43.剣を溶かして平和を造る

2013年10月1日

 現代社会において、戦争や紛争の原因になっているのは、領土、民族や宗教、文化など様々なものがある。が、そのうちの大きな部分を占めるのに経済の問題、物質的な貧富の差、持てる者と持たざる者の格差、対立があるのは間違いない。

 貨幣という富をもっていれば、誰でも物質的に豊かな生活を送ることができるし、貨幣がなければ食糧を買うことも家をもつことも、結婚し家庭をもつことさえできない。豊かな社会であるアメリカのホームレス問題は、こうした貨幣社会(資本主義)の弊害が象徴的に表れたものである。

 かといって、労働によって平等社会を目指した社会主義・共産主義社会もまた、一党独裁による別な貧富の差、格差社会になっていることは、崩壊したソ連、そして、社会主義に資本主義を導入した中国をみれば明らかである。

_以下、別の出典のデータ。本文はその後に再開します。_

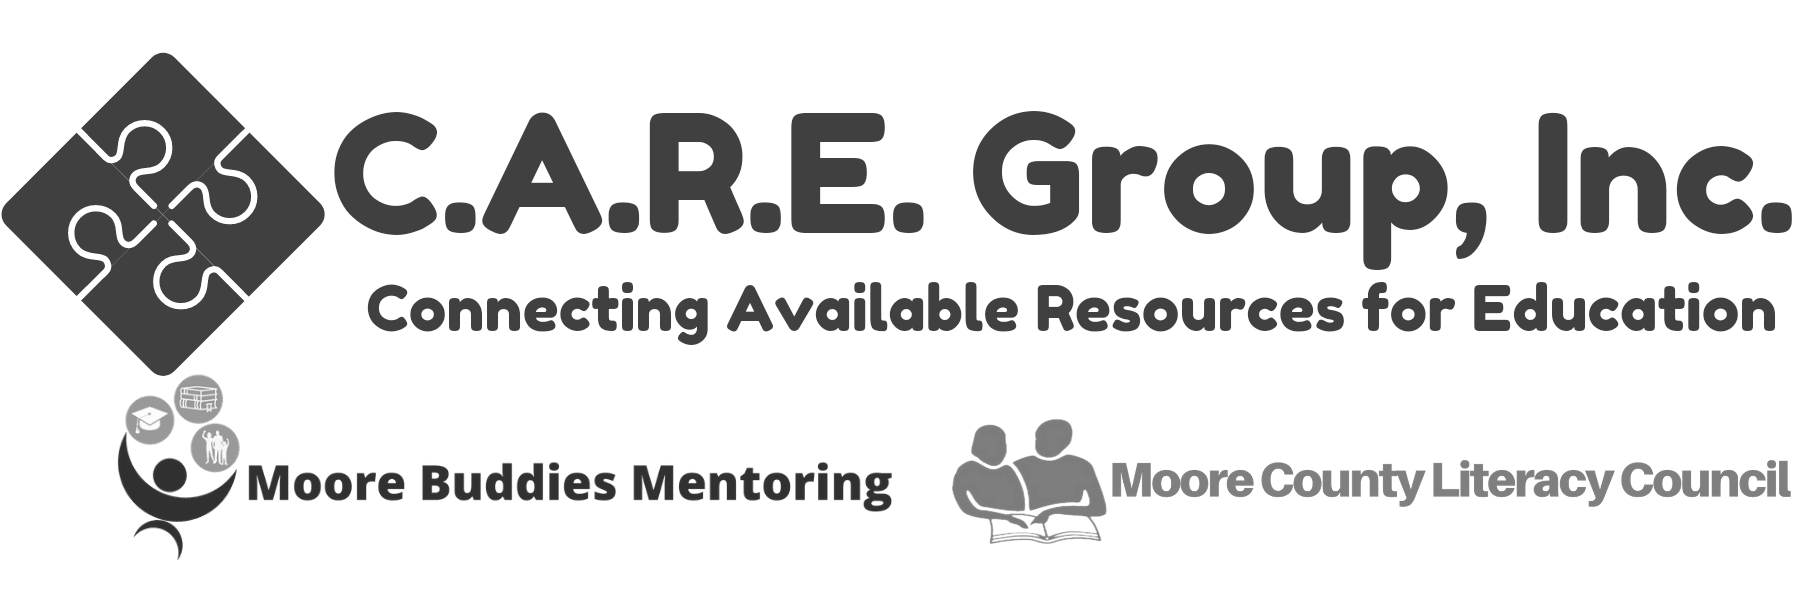 Moore Buddies Mentoring: Because a Caring Adult is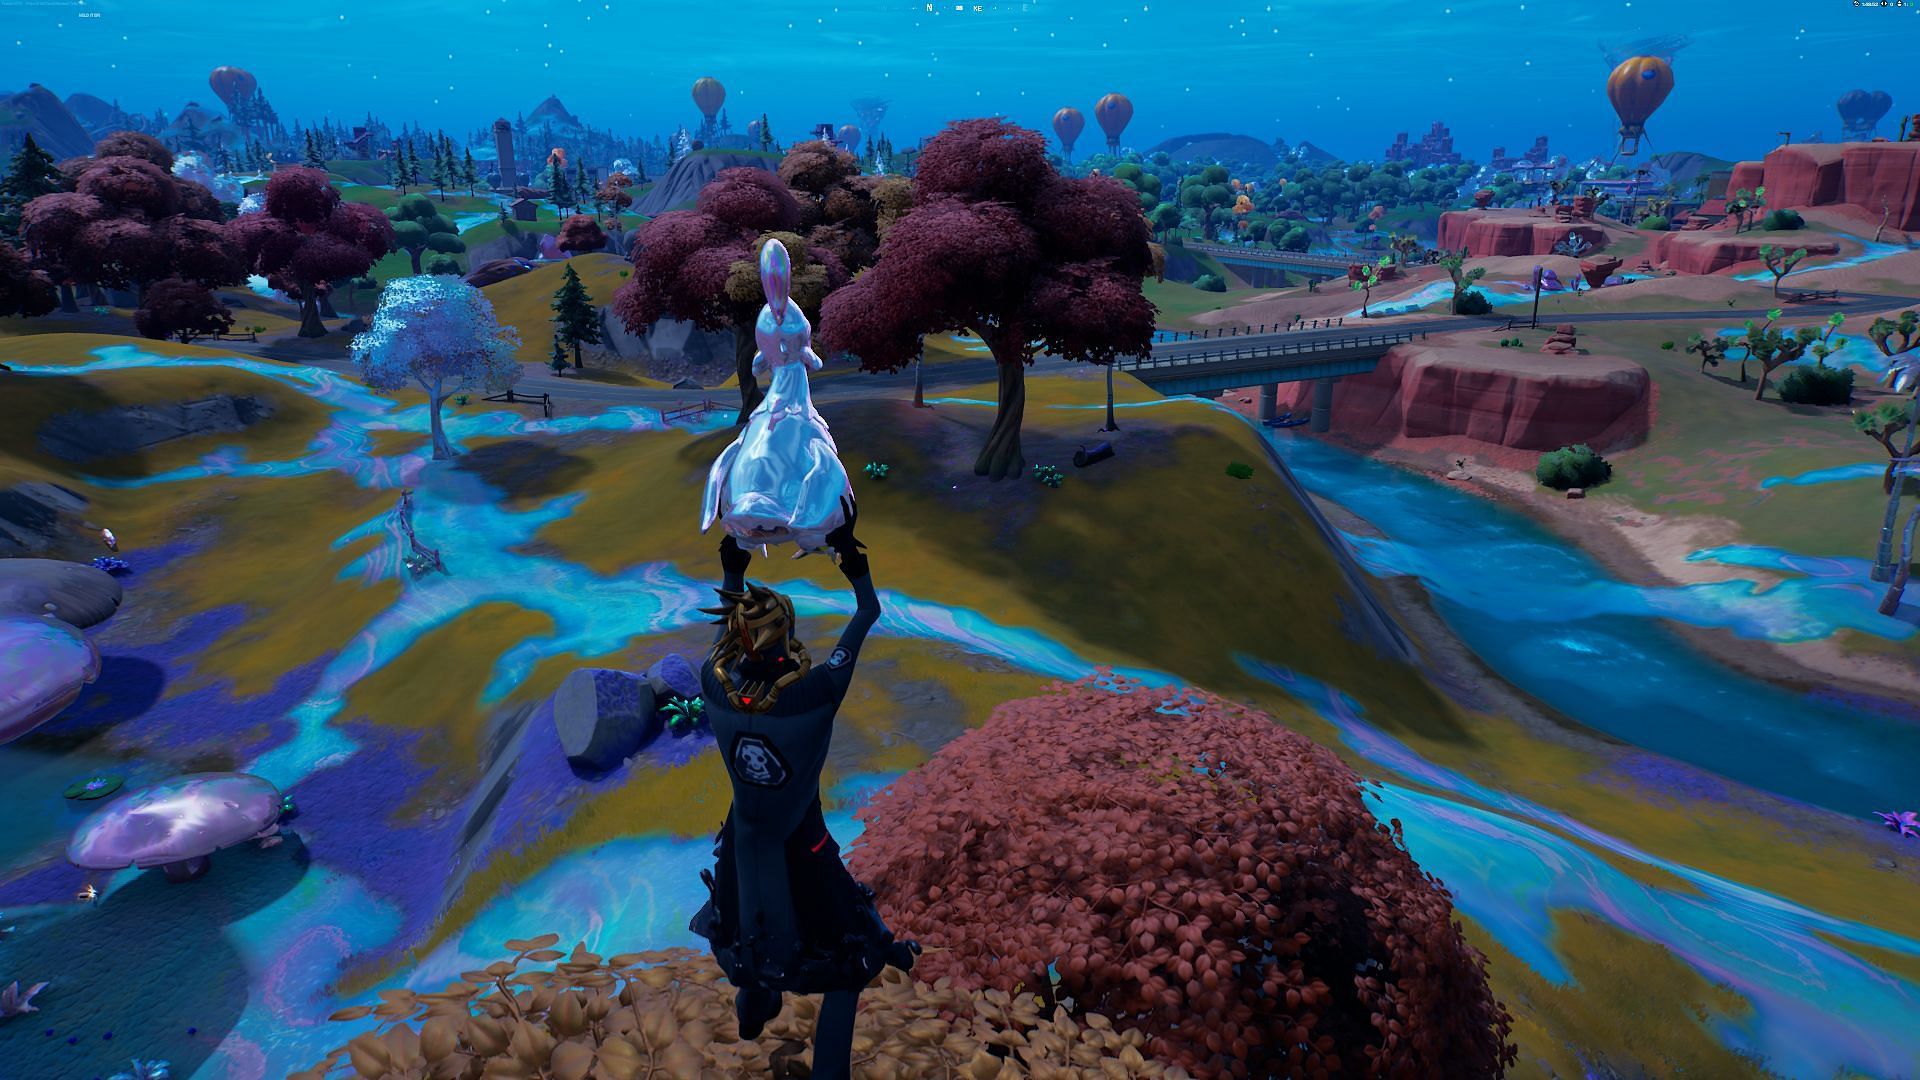 Covering 300 meters with a chicken will be a breeze (Image via Epic Games/Fortnite)

 中国などは、経済大国として世界の大国のアメリカやロシアと肩を並べる存在となったが、その内部には貧富の拡大、汚職、少数問題などを抱え、いつ分裂してもおかしくはない不安要素を抱えている。その上、中国は軍事増強を続け、接する国々との国境紛争や衝突などを繰り返し、いつそれが本格的な戦争へと拡大するかわからない状態である。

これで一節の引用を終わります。